Com manifestantes “credenciados”, polícia monitora primeiro protesto em Hong Kong desde 2020

Cerca de 100 manifestantes marcharam no domingo através de um cordão de isolamento, que os manteve separados da imprensa

Sob rígido monitoramento policial, Hong Kong teve no domingo (26) o primeiro protesto em dois anos. Marcada por restrições, a pequena manifestação foi a “inaugural” desde que a China impôs amplas restrições aos direitos e liberdades à população do território semiautônomo. As informações são do site independente Hong Kong Free Press.

Apenas 100 pessoas foram autorizadas a participar do ato, contrário a um plano de recuperação de terras no leste da cidade. Os manifestantes foram obrigados a usar crachás com números e seus cartazes de protesto passaram previamente pelo filtro das autoridades.
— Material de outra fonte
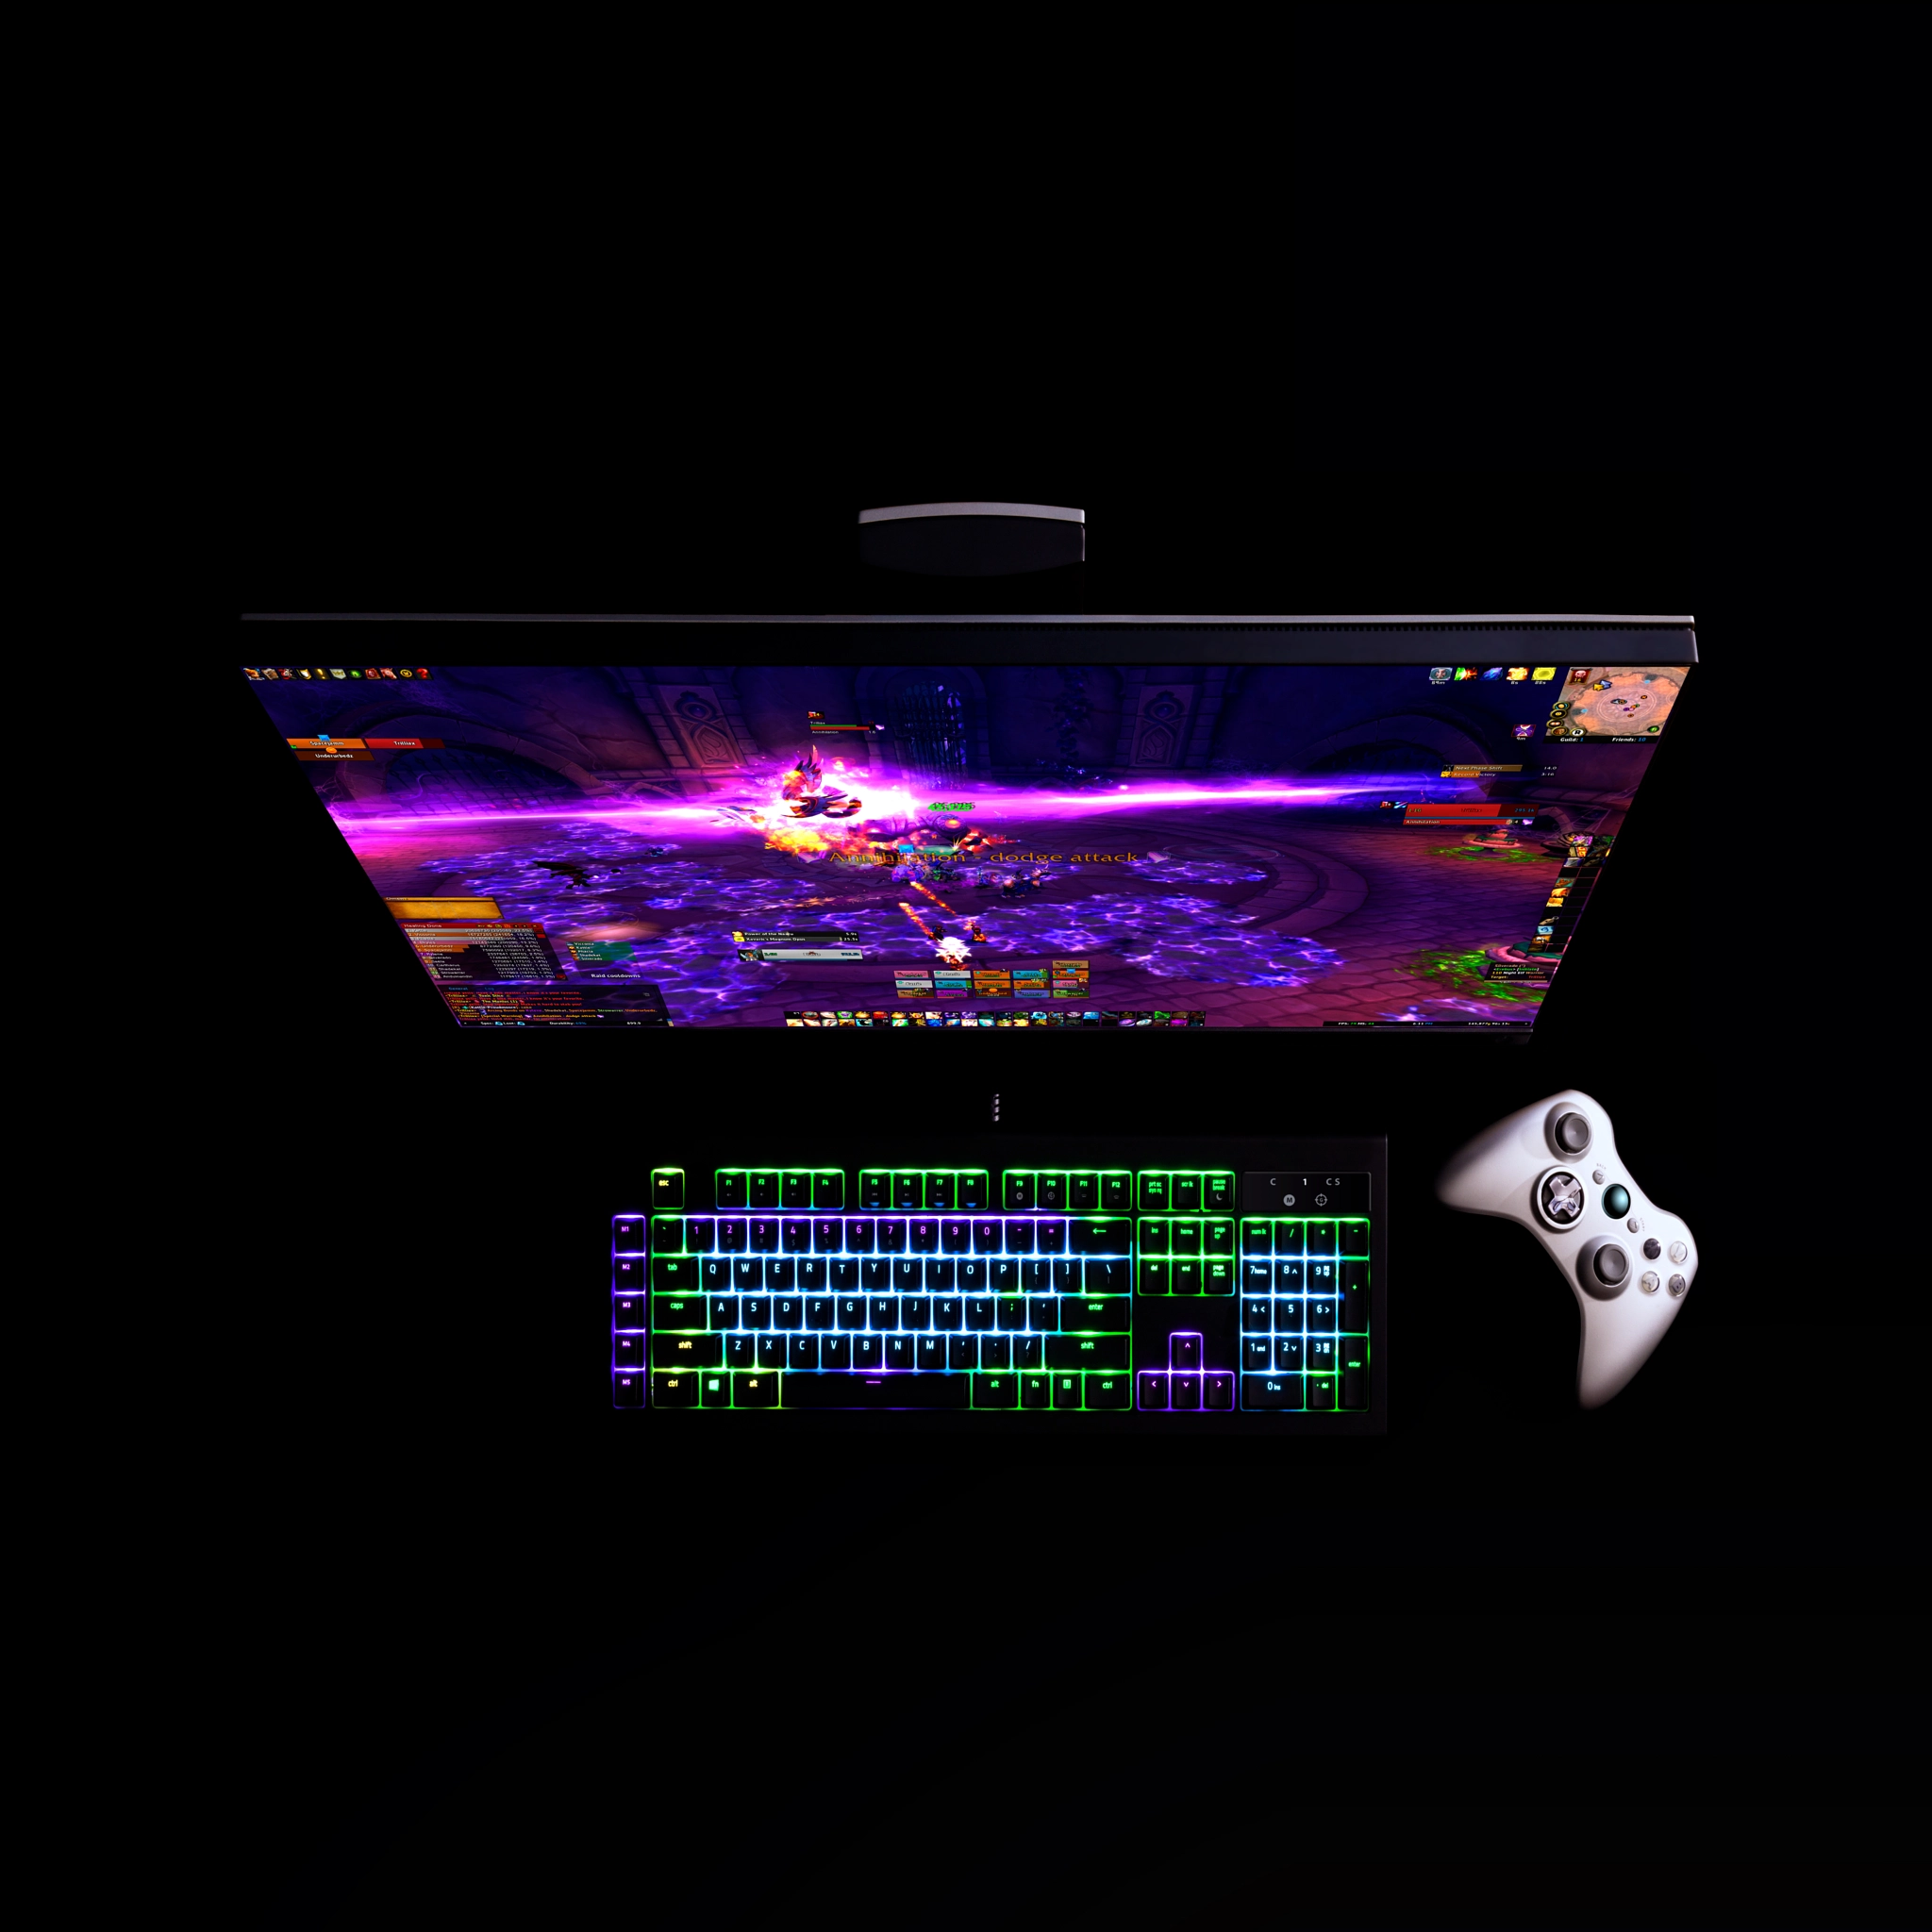 Stylized gamer computer with RGB lighting
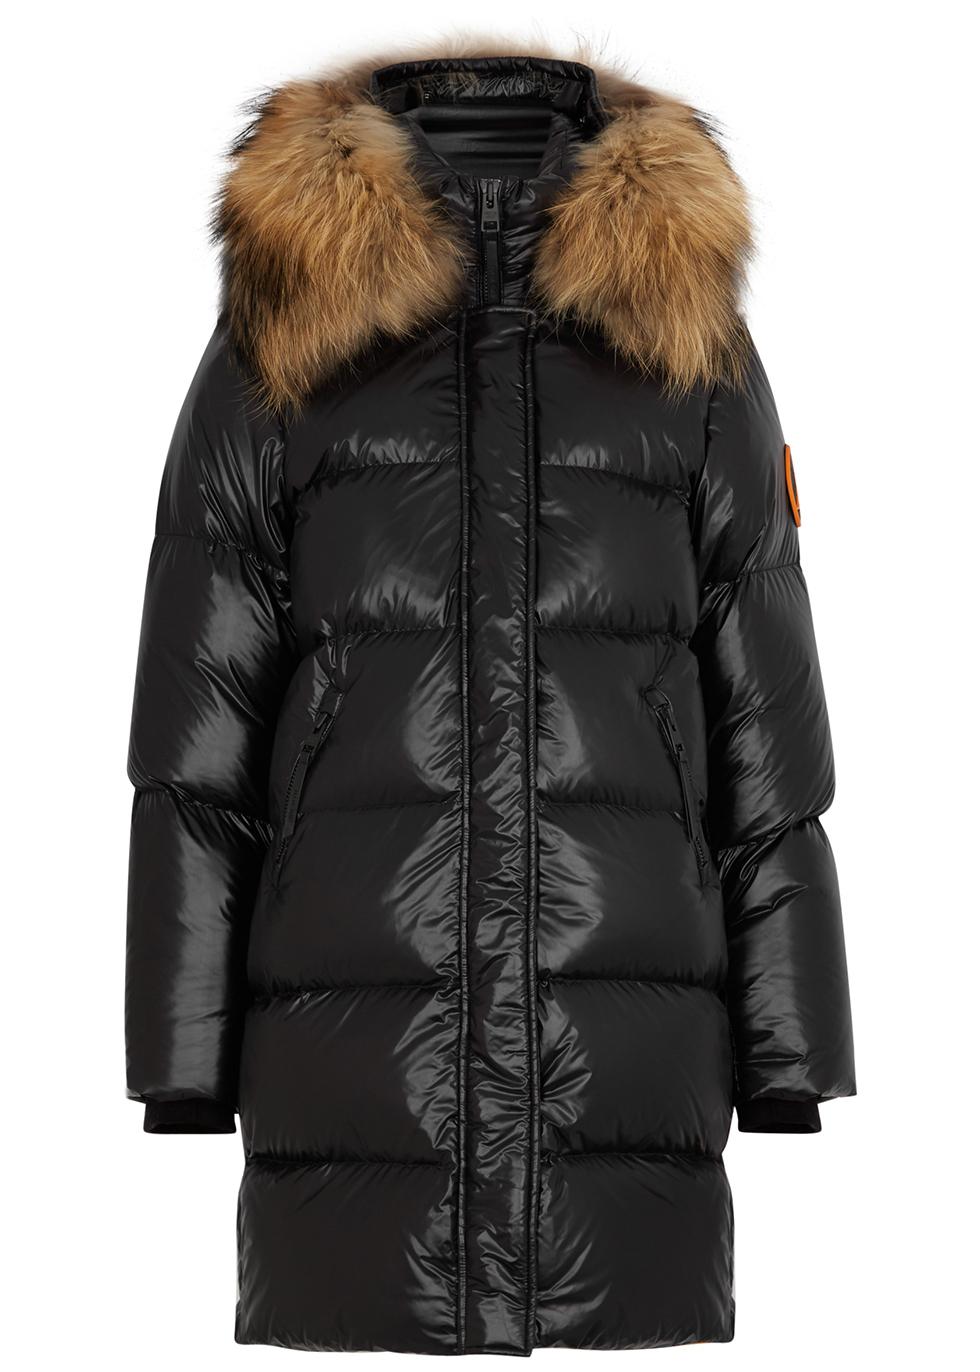 Black fur-trimmed quilted shell coat by ARCTIC ARMY

Nenhum estava autorizado a usar máscara. Todos foram impedidos de usar roupa toda preta ou capa de chuva amarela.

Manifestante segura cartaz que adapta bandeira da China com símbolo da suástica usado por nazistas em protesto em Hong Kong, outubro de 2019 (Foto: CreativeCommons/Etan Liam)

A polícia exigiu que os organizadores seguissem condições rigorosas. Os manifestantes foram cercados com um cordão de isolamento, que os deixou separados da imprensa. Entre as permissões concedidas pelas forças policiais, os integrantes do ato puderam entoar palavras de ordem contra o projeto. No entanto, slogans com “palavras politicamente sensíveis ou sediciosas” foram proibidas.

Um manifestante falou à agência AFP sob condição de anonimato. Ele definiu as condições impostas como “ridículas”: “Estou aqui para participar de uma marcha, não de um desfile de vergonha”, disse ele, que acrescentou:

“Isso é intimidação, mas o que podemos fazer? Agora, até mesmo tentar respirar ar fresco pode colocar em risco a segurança nacional”, criticou, fazendo menção à lei de segurança nacional imposta pela Beijing em 2020 como uma reação direta às manifestações de 2019. A lei aprovada pelo Congresso da China aumentou o controle chinês sobre a ex-colônia britânica e foi criada para suprimir qualquer ato do gênero.

Eventos públicos de grande escala – incluindo festivais de música e exposições de arte – estão voltando a Hong Kong depois que as restrições à pandemia de Covid-19 foram suspensas. Neste contexto, o território sedia a feira de arte contemporânea Art Basel, com autoridades interessadas em promover a cidade como um “centro cultural vibrante”. Não que o governo local entenda o significado de liberdade artística.

Por que isso importa?

Após a transferência de Hong Kong do domínio britânico para o chinês, em 1997, o território passou a operar sob um sistema mais autônomo e diferente do restante da China. Apesar da promessa inicial de que as liberdades individuais seriam respeitadas, a submissão a Beijing sempre foi muito forte, o que levou a protestos em massa por independência e democracia em 2019.

A resposta de Beijing aos protestos veio com autoritarismo, representado pela lei de segurança nacional, que deu ao governo de Hong Kong poder de silenciar a oposição e encarcerar os críticos. A normativa legal classifica e criminaliza qualquer tentativa de “intervir” nos assuntos locais como “subversão, secessão, terrorismo e conluio”. Infrações graves podem levar à prisão perpétua.

No final de julho de 2021, um ano após a implementação da lei, foi anunciado o primeiro veredito de uma ação judicial baseada na nova normativa. Tong Ying-kit, um garçom de 24 anos, foi condenado a nove anos de prisão sob as acusações de praticar terrorismo e incitar a secessão.

O incidente que levou à condenação ocorreu em 1º de julho de 2020, o primeiro dia em que a lei vigorou. Tong dirigia uma motocicleta com uma bandeira preta na qual se lia “Liberte Hong Kong. Revolução dos Nossos Tempos”, slogan usado pelos ativistas antigoverno nas manifestações de 2019.

Os críticos ao governo local alegam que os direitos de expressão e de associação têm diminuído cada vez mais, com o aumento da repressão aos dissidentes graças à lei. Já as autoridades de Hong Kong reforçam a ideia de que a normativa legal é necessária para preservar a estabilidade do território

O Reino Unido, por sua vez, diz que ela viola o acordo estabelecido quando da entrega do território à China. Isso porque havia uma promessa de que as liberdade individuais, entre elas eleições democráticas, seriam preservadas por ao menos 50 anos. Metade do tempo se passou, e Beijing não cumpriu sua parte no acordo. Muito pelo contrário.

Nos últimos anos, os pedidos por democracia foram silenciados, a liberdade de expressão acabou e a perspectiva é de que isso se mantenha por um “longo prazo”. Nas palavras do presidente Xi Jinping, “qualquer interferência deve ser eliminada”.